Because the fundamental RO observation is a measurement of time, it is well suited for climate monitoring with its long-term stability. Though it is still too early to look for a climate signal from the past and ongoing RO observations, they are also very useful to access the quality of the observations from other sensors like the Microwave Sounding Unit (MSU) and advanced MSU (AMSU) that fly on different NOAA satellites. In collaboration with other scientists at NCAR, I converted CHAMP temperatures between 8 and 25 km to equivalent MSU/AMSU lower stratospheric brightness temperature (Tb) and compared these to the MSU/AMSU Tb derived from both Remote Sensing System Inc. and University of Alabama at Huntsville . It is found that the MSU/AMSU retrievals in the Antarctic LS in winter were biased high relative to the GPS RO measurements.

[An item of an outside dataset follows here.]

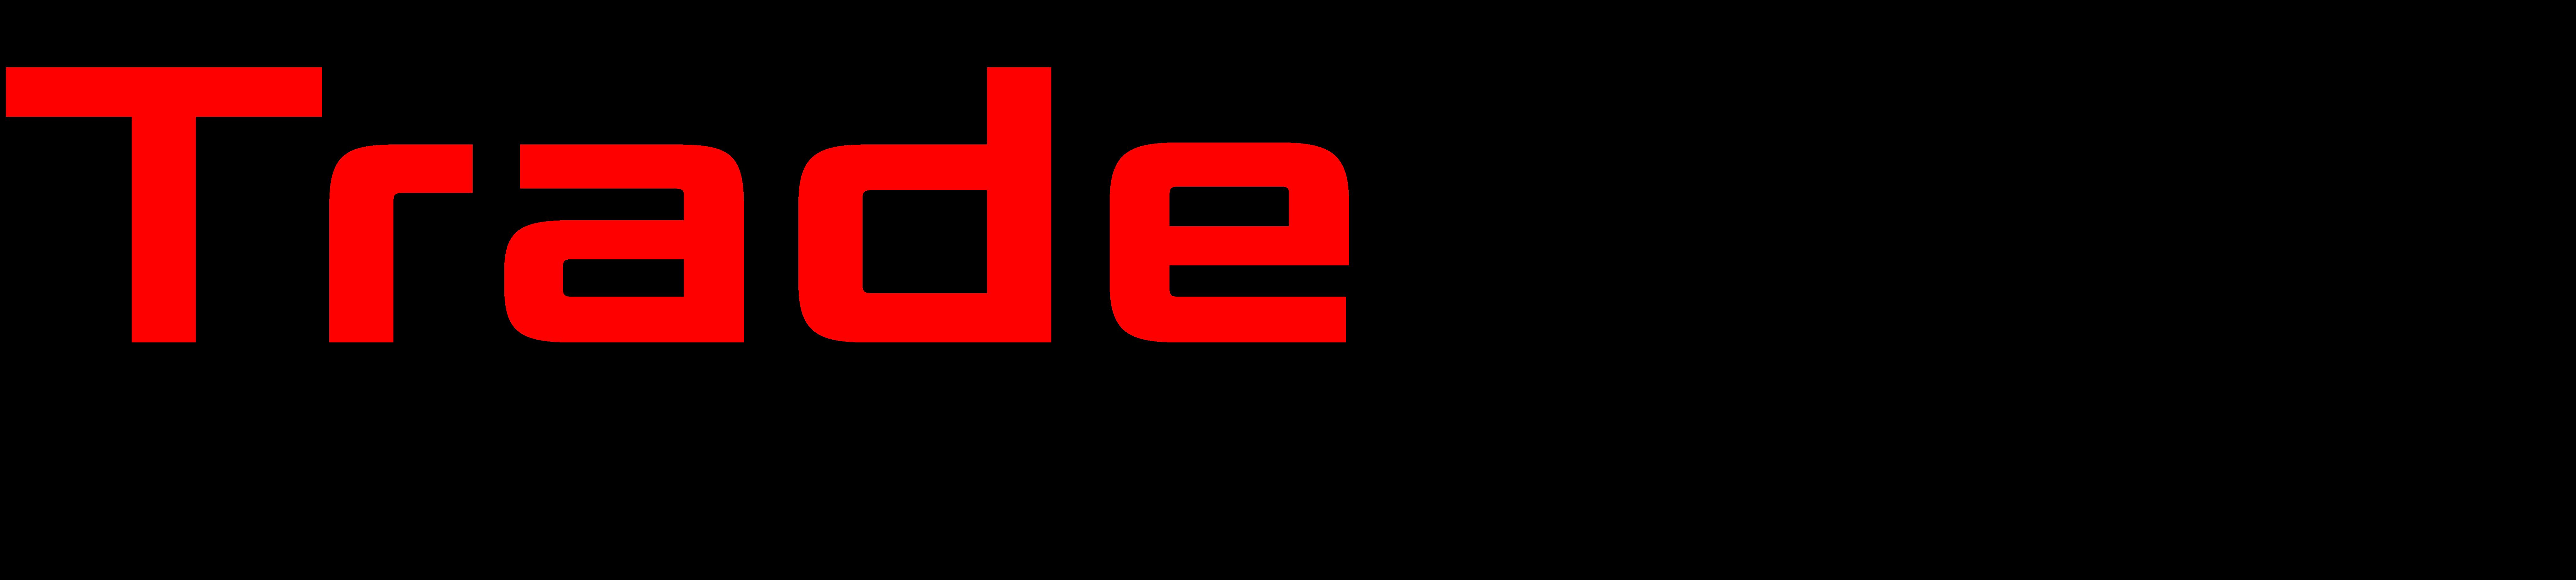 Trade Van Accessories logo

The GPS RO technique also provides a new opportunity to investigate the structure and variation of the ionosphere, and to evaluate and improve numerical ionospheric models. I compared the values of maximum F-region density (NmF2) from the Global Assimilation Ionospheric Model (GAIM) with the early COSMIC observations, and has found good agreement in both the magnitude and distribution of NmF2. Improvement to ionospheric RO retrievals remains a major challenge for the RO technique. The traditional retrieval method assumes local spherical symmetry of the ionosphere, which is far from reality because of the existence of significant ionospheric horizontal gradients plus the length of the ray path. I am attempting to find a better way to solve the problem through assimilating the GPS slant total electron content (including the ionospheric horizontal gradient information) but not vertical electron density observations using an artificial neural network (ANN) method. Preliminary test results demonstrate the feasibility of this scheme. The next step is to test the extent of possible correction as a function of temporal resolution.